As we discussed on this blog at the time, U.S. District Judge William Orrick III in San Francisco made two important points in his ruling. First, Section 9(a) of the executive order says in plain language that the order is meant to apply to all federal funds, not just those already conditioned on cooperation with federal immigration authorities.
"The Constitution vests the spending powers in Congress, not the president, so the order cannot constitutionally place new conditions on federal funds," was the second point. So, the order can only deny a small, specific number of federal grants to sanctuary areas -- only those that already have a condition requiring the recipient to cooperate.
Sessions reinterprets Trump order as compliant with judge's interpretation
Attorney General Jeff Sessions has just acknowledged that the order can only lawfully target funds with existing immigration-related conditions.
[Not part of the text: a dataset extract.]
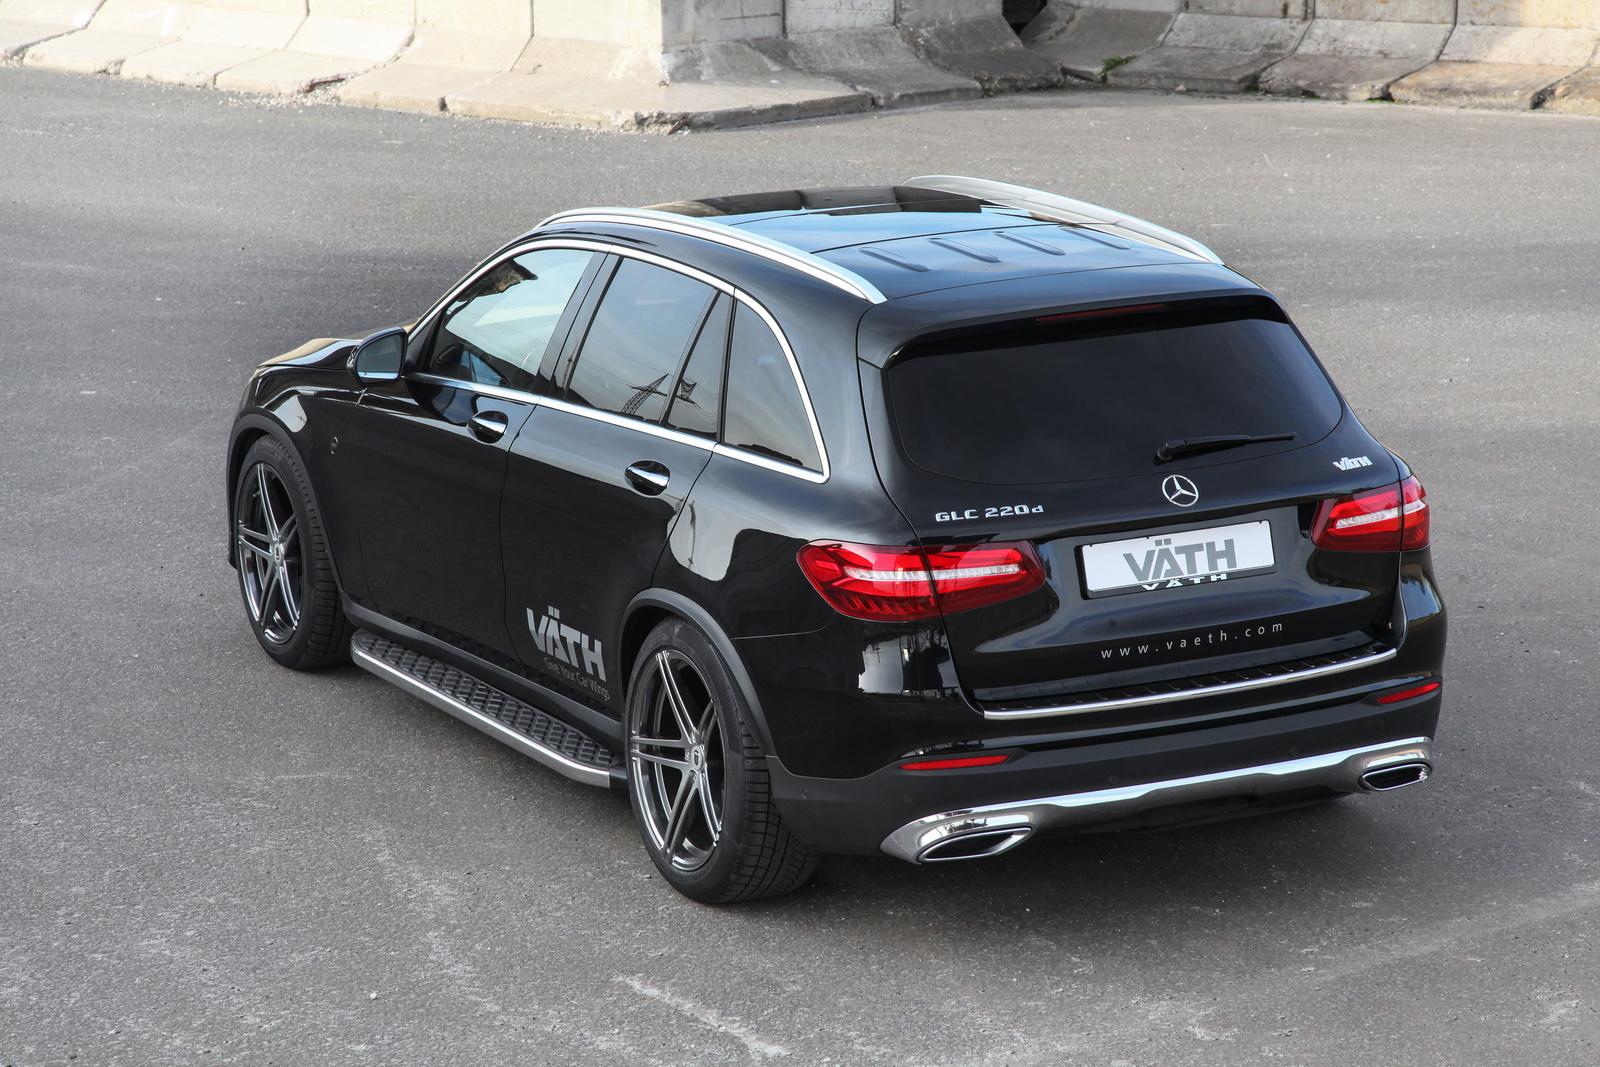 Mercedes_GLC220d_by_Vath_10

He has released a new policy memo reinterpreting the presidential order as already compliant with the federal judge's ruling.
First, he acknowledged that the order only applies to a limited pool of federal funding. Next, he narrowed the jurisdictions to be targeted. Only those who "willfully refuse to comply" with federal immigration law will have that funding stripped.
Finally, the Justice Department has demanded a rehearing of the San Francisco ruling. The reason? "The authoritative position set forth in the AG memorandum squarely contradicts the court's determination," reads the petition.
The claim is that Sessions' memo contradicts the judge's ruling about what Trump's executive order says and what funds it was intended to target.
Whether the Sessions memo is considered authoritative by a judge remains to be seen. After all, the plain language of Section 9(a) has not changed.